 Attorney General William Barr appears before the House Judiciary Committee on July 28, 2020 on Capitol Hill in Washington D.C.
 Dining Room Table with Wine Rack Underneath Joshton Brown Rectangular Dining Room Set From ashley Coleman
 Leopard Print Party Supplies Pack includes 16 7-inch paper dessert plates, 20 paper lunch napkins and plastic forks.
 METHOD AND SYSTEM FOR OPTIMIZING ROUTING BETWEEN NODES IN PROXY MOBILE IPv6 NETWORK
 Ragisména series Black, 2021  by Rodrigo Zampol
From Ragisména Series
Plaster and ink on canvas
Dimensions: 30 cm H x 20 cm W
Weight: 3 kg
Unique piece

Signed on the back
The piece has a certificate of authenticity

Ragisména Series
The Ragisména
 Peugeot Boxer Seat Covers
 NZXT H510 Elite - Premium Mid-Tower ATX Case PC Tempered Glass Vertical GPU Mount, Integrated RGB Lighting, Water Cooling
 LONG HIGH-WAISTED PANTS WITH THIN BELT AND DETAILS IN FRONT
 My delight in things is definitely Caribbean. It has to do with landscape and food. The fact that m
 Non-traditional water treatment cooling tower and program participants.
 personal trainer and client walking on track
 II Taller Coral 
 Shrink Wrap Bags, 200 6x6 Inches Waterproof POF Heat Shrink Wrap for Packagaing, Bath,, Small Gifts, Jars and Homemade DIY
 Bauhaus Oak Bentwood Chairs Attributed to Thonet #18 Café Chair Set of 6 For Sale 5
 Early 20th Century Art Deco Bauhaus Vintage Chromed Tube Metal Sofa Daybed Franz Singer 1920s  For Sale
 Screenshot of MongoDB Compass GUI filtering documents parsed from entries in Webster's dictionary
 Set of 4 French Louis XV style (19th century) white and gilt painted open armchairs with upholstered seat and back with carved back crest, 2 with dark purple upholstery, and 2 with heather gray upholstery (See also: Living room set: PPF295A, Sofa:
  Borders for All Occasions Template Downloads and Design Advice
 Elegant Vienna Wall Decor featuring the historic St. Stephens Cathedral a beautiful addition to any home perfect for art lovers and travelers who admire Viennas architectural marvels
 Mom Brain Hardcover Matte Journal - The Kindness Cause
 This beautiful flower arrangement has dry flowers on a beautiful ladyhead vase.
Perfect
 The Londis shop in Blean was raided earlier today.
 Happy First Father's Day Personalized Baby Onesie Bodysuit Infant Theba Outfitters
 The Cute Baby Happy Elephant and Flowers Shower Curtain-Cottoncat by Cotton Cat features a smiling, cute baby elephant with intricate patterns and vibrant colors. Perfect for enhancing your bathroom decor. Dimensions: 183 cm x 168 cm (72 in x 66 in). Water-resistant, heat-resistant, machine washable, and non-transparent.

| Problem requirements |
In the data above, each line holding "Baby" is to be found and copied.

| Task response |
 Happy First Father's Day Personalized Baby Onesie Bodysuit Infant Theba Outfitters
 The Cute Baby Happy Elephant and Flowers Shower Curtain-Cottoncat by Cotton Cat features a smiling, cute baby elephant with intricate patterns and vibrant colors. Perfect for enhancing your bathroom decor. Dimensions: 183 cm x 168 cm (72 in x 66 in). Water-resistant, heat-resistant, machine washable, and non-transparent.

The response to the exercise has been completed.